The stars who deserve media attention are not the ones who have
lavish weddings on TV but the ones who patrol the streets of Mosul even
after two of their buddies were murdered and their bodies battered and
stripped for the sin of trying to protect Iraqis from terrorists.

We put couples with incomes of $100 million a year on the covers
of our magazines. The noncoms and officers who barely scrape by on military
pay but stand on guard in Afghanistan and Iraq and on ships and in
submarines and near the Arctic Circle are anonymous as they live and die.

I am no longer comfortable being a part of the system that has
such poor values, and I do not want to perpetuate those values by pretending
that who is eating at Morton’s is a big subject.

There are plenty of other stars in the American firmament…the
policemen and women who go off on patrol in South Central and have no idea
if they will return alive; the orderlies and paramedics who bring in people
who have been in terrible accidents and prepare them for surgery; the
teachers and nurses who throw their whole spirits into caring for autistic
children; the kind men and women who work in hospices and in cancer wards.

Think of each and every fireman who was running up the stairs at
the World Trade Center as the towers began to collapse. Now you have my idea
of a real hero.

I came to realize that life lived to help others is the only one
that matters. This is my highest and best use as a human. I can put it
another way. Years ago, I realized I could never be as great an actor as
Olivier or as good a comic as Steve Martin…or Martin Mull or Fred
Willard–or as good an economist as Samuelson or Friedman or as good a
writer as Fitzgerald. Or even remotely close to any of them.

But I could be a devoted father to my son, husband to my wife and,
above all, a good son to the parents who had done so much for me. This came
to be my main task in life. I did it moderately well with my son, pretty
well with my wife and well indeed with my parents (with my sister’s help). I
cared for and paid attention to them in their declining years. I stayed with
my father as he got sick, went into extremis and then into a coma and then
entered immortality with my sister and I reading him the Psalms.

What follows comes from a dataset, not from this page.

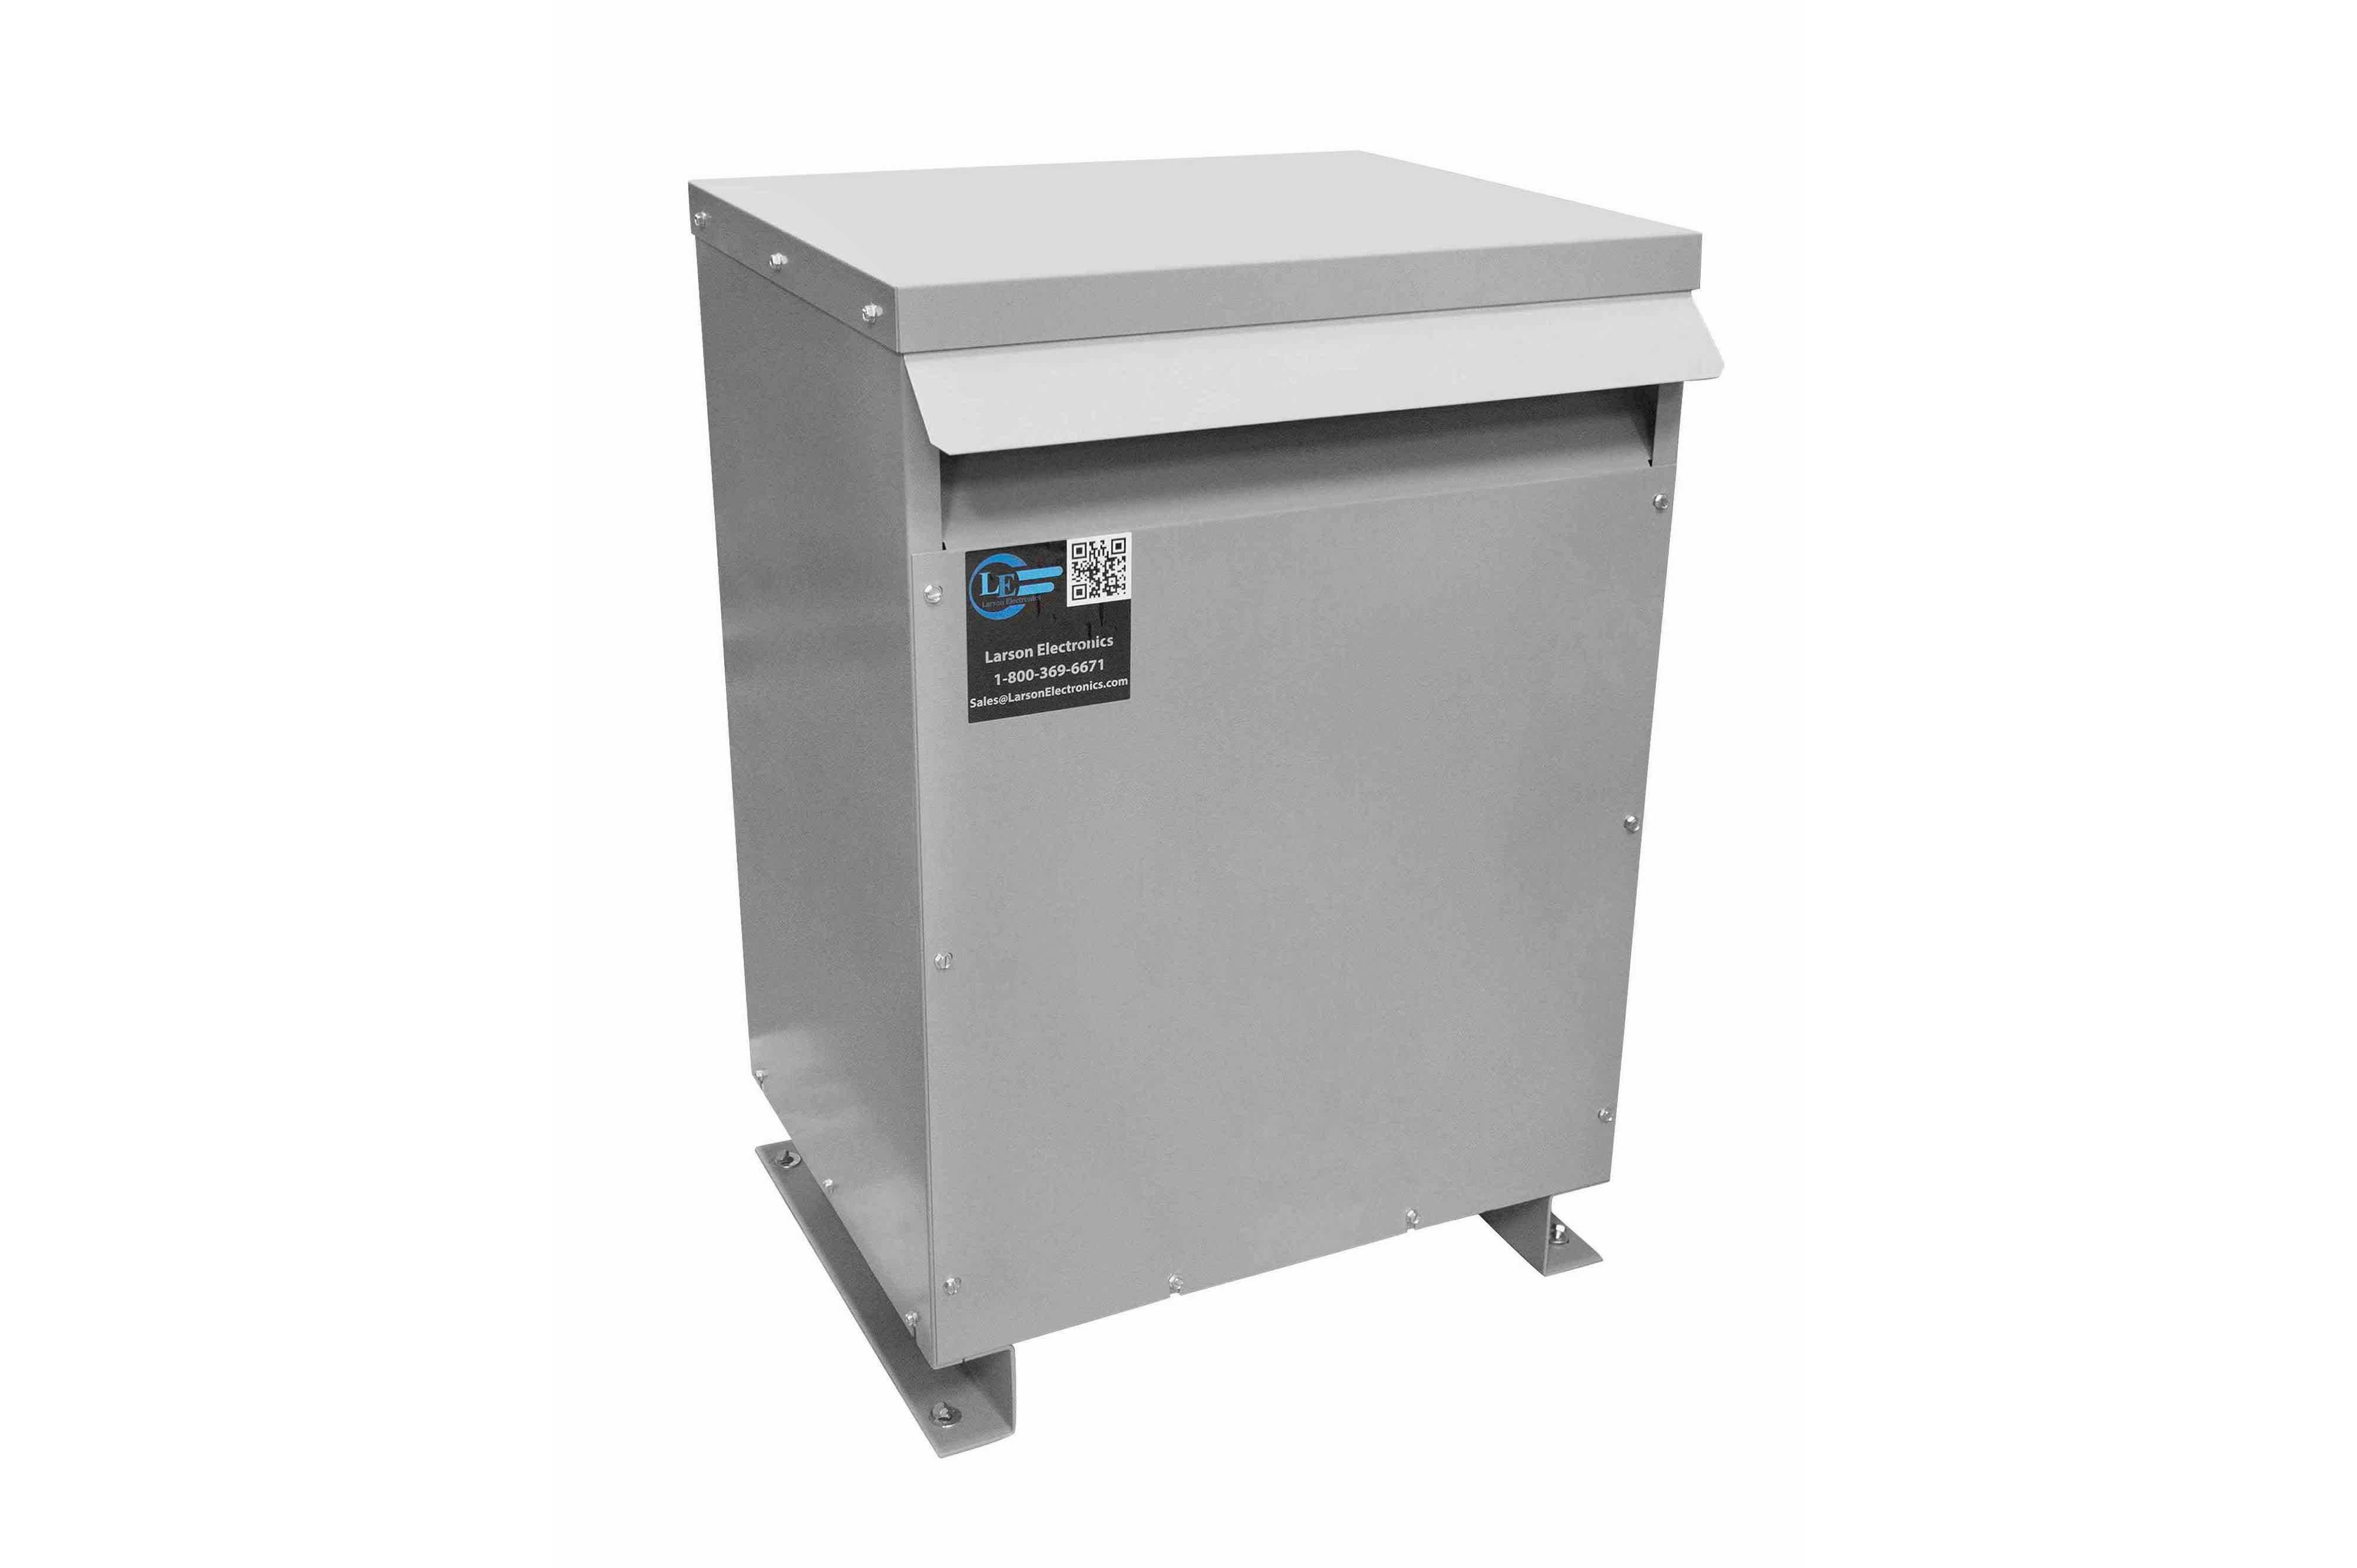 225 kVA 3PH DOE Transformer, 480V Delta Primary, 415Y/240 Wye-N Secondary, N3R, Ventilated, 60 Hz

This was the only point at which my life touched the lives of the
soldiers in Iraq or the firefighters in New York. I came to realize that
life lived to help others is the only one that matters and that it is my
duty, in return for the lavish life God has devolved upon me, to help others
He has placed in my path. This is my highest and best use as a human.

Faith is not believing that God can. It is knowing that God will.